L'ordinanza, notificata il 15 febbraio 1962, è stata comunicata ai
Presidenti dei due rami del Parlamento e pubblicata nella Gazzetta
Ufficiale n. 78 del 24 marzo 1962.
Nessuna delle parti si è costituita in questo secondo giudizio
avanti alla Corte costituzionale.
3. - Con ingiunzione 27 aprile 1959 il Direttore dell'Ufficio
successioni di Messina ordinava a Maugeri Antonino e Genoveffa e a La
Rosa Annunziata il pagamento di lire 7.604.033 a titolo di imposta di
successione.
I predetti proponevano opposizione avverso l'ingiunzione avanti al
Tribunale di Messina e l'Amministrazione finanziaria eccepiva,
preliminarmente, l'improponibilità dell'opposizione per inosservanza
del principio del solve et repete stabilito dall'art. 97 della legge
tributaria sulle successioni.
Il Tribunale, con ordinanza 13 febbraio 1962, richiamandosi alla
ricordata giurisprudenza della Corte costituzionale, disponeva la
trasmissione a questa Corte degli atti del giudizio.
L'ordinanza, notificata il 4 aprile 1962 e comunicata ai Presidenti
dei due rami del Parlamento, è stata pubblicata nella Gazzetta
Ufficiale n. 134 del 26 maggio 1962.
Avanti alla Corte costituzionale si sono costituite, in questo
terzo giudizio, le sole parti private, rappresentate e difese dagli
avvocati Massimo Severo Giannini e Angelo Falzea, che hanno depositato
le deduzioni in cancelleria il 17 maggio 1962.
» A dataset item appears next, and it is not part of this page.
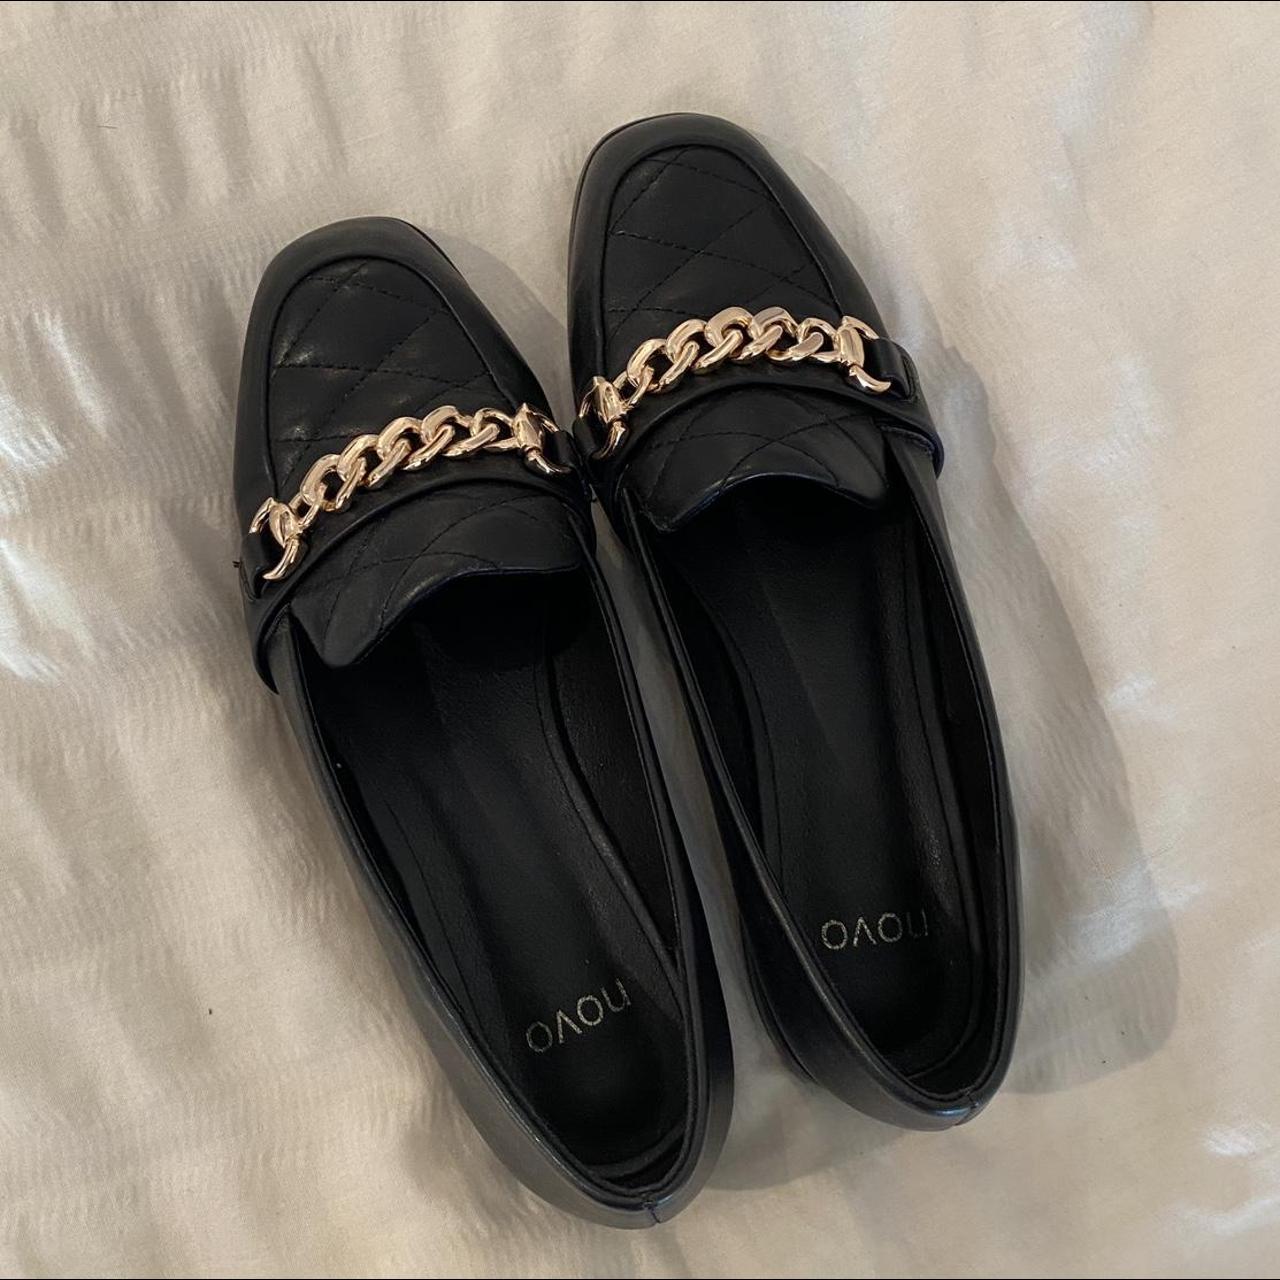 Novo Women’s black loafer slip on shoes *womens... - Depop

In queste deduzioni si fa richiamo alle considerazioni svolte nella
sentenza n. 21 del 1961 della Corte costituzionale riguardo al
contrasto esistente fra il principio del solve et repete e le garanzie
costituzionali dell'eguaglianza, di cui all'art. 3 della Costituzione,
e della tutela giurisdizionale contro i privati e contro la pubblica
Amministrazione, di cui, rispettivamente, agli artt. 24 e 113 della
Costituzione.
Si sostiene, inoltre, che la riconosciuta incostituzionalità del
principio generale del solve et repete implica la dichiarazione di
illegittimità costituzionale della norma impugnata, la quale
costituisce un'applicazione particolare del detto principio generale.
Ciò che tuttavia non escluderebbe la necessità di una pronuncia ad
hoc della Corte costituzionale, dato che la norma in questione ha una
propria ed autonoma vita giuridica nel sistema tributario.
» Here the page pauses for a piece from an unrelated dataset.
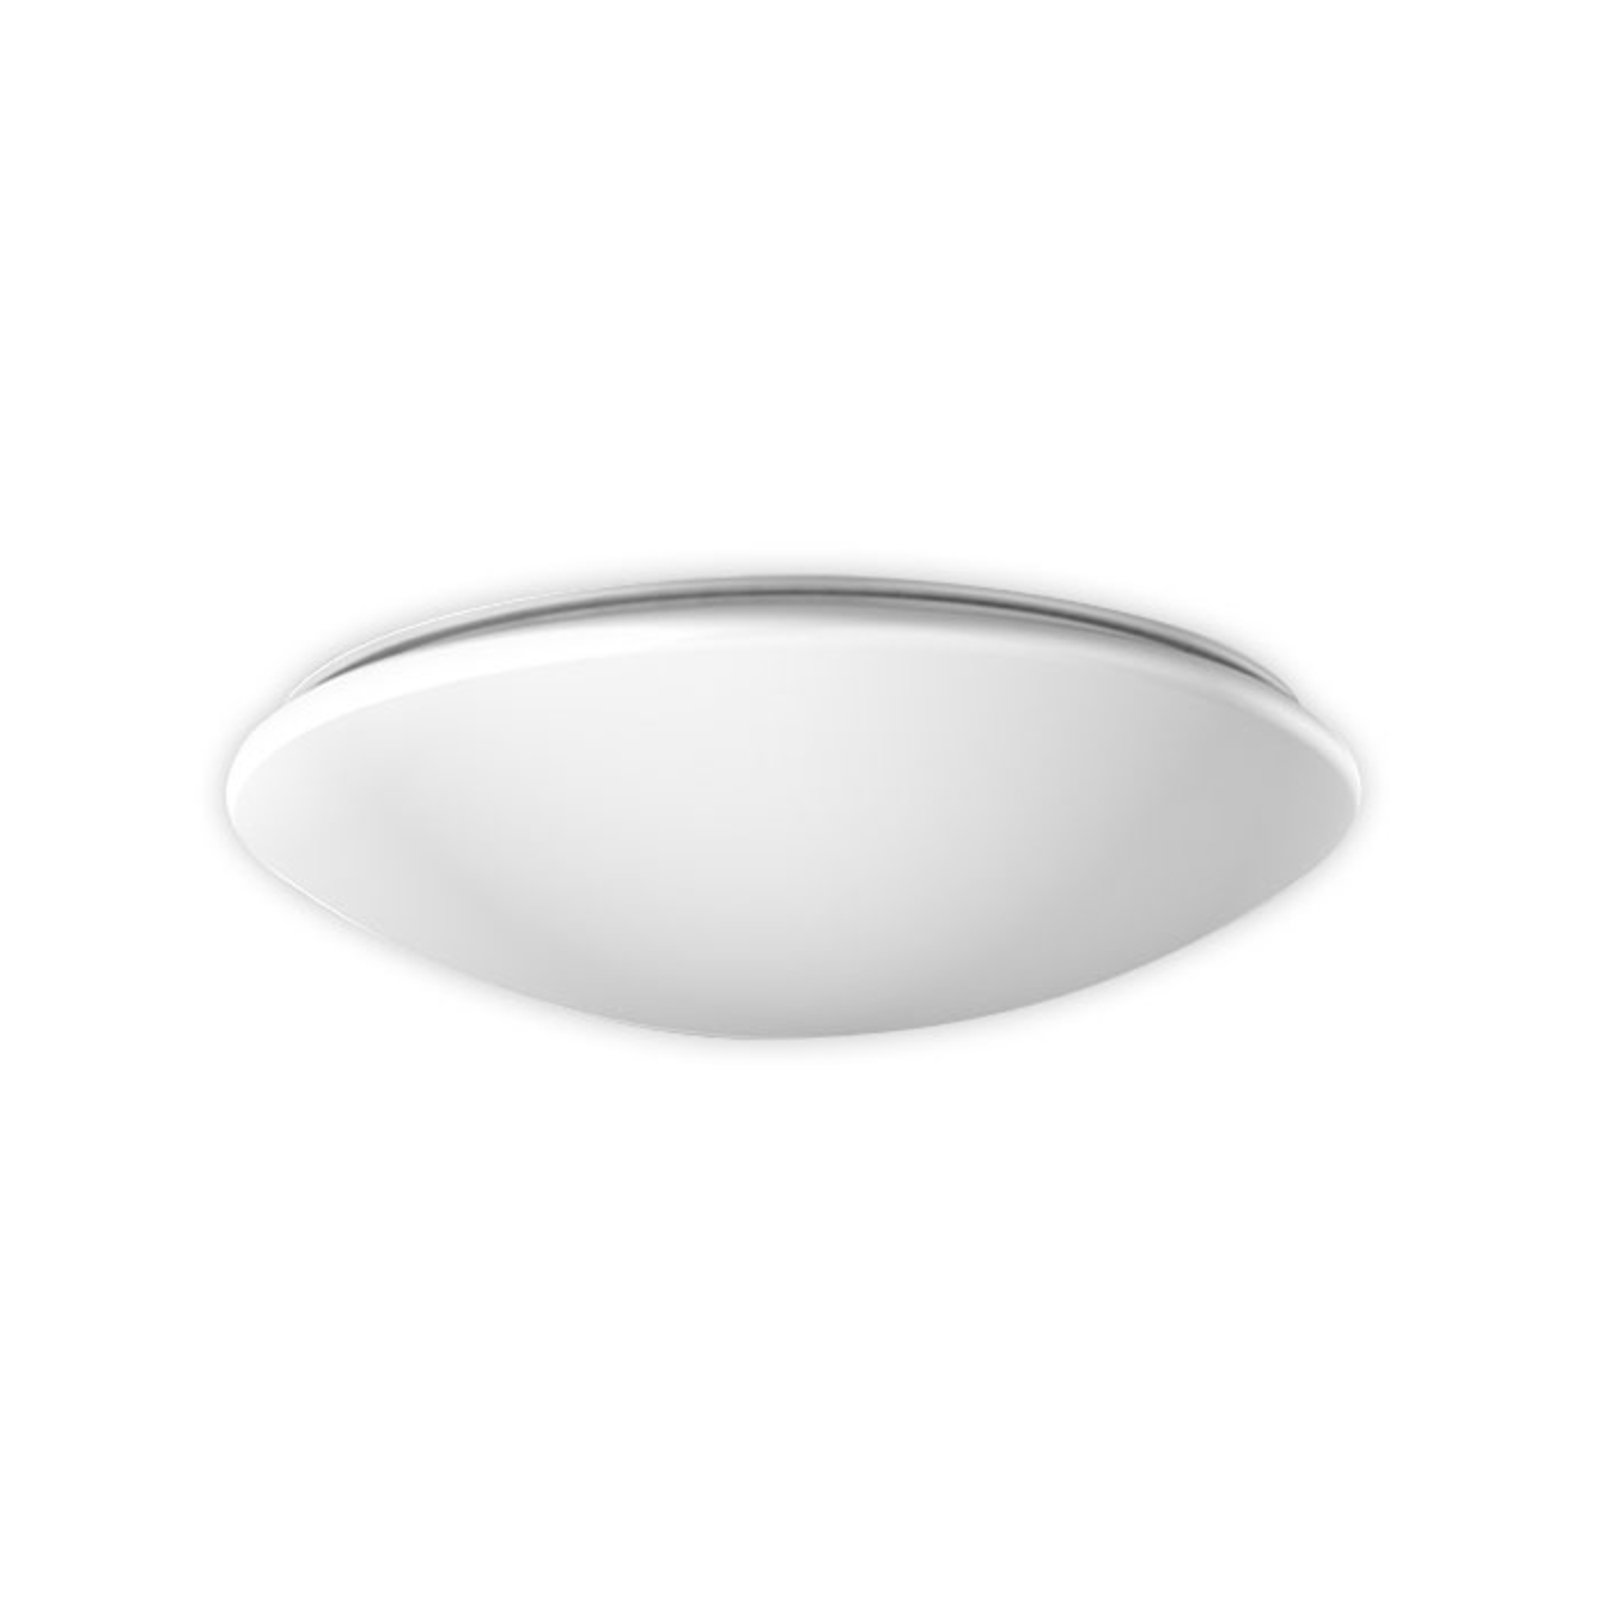 RZB Flat Polymero ceiling light DALI 21W 36cm 830

In conseguenza, la difesa delle parti private conclude chiedendo
dichiararsi la illegittimità costituzionale della norma impugnata. Considerato in diritto :
1. - Le tre cause, avendo ad oggetto una identica questione, vanno
riunite e decise con unica sentenza.
2. - Non vi è dubbio che sia l'art. 18 del D. L. 28 febbraio 1939,
che l'art. 97 del R.D. 30 dicembre 1923, n. 3270, sono in contrasto con
gli artt. 3, 24, primo comma, e 113 della Costituzione.
Le norme contenute negli indicati articoli sono, infatti, in
formate al principio del solve et repete, subordinando l'ammissibilità
dei ricorsi per opposizione alle ingiunzioni di pagamento delle
imposte, cui rispettivamente si riferiscono, alla previa dimostrazione
del pagamento delle imposte medesime.
Ora questa Corte occupandosi, in via generale, con la sentenza n.
21 del 24 marzo 1961, del principio del solve et repete, contenuto nel
secondo comma dell'art. 6 della legge sull'abolizione del contenzioso
amministrativo, 20 marzo 1865, n. 2248, all. E, ebbe già a rilevare
che l'imposizione dell'onere del pagamento del tributo, quale
presupposto imprescindibile dell'esperimento dell'azione giudiziaria
promossa per la tutela del diritto del contribuente mediante
l'accertamento giudiziale della illegittimità del tributo, è in
contrasto con i citati artt. 3, 24 e 113 della Costituzione.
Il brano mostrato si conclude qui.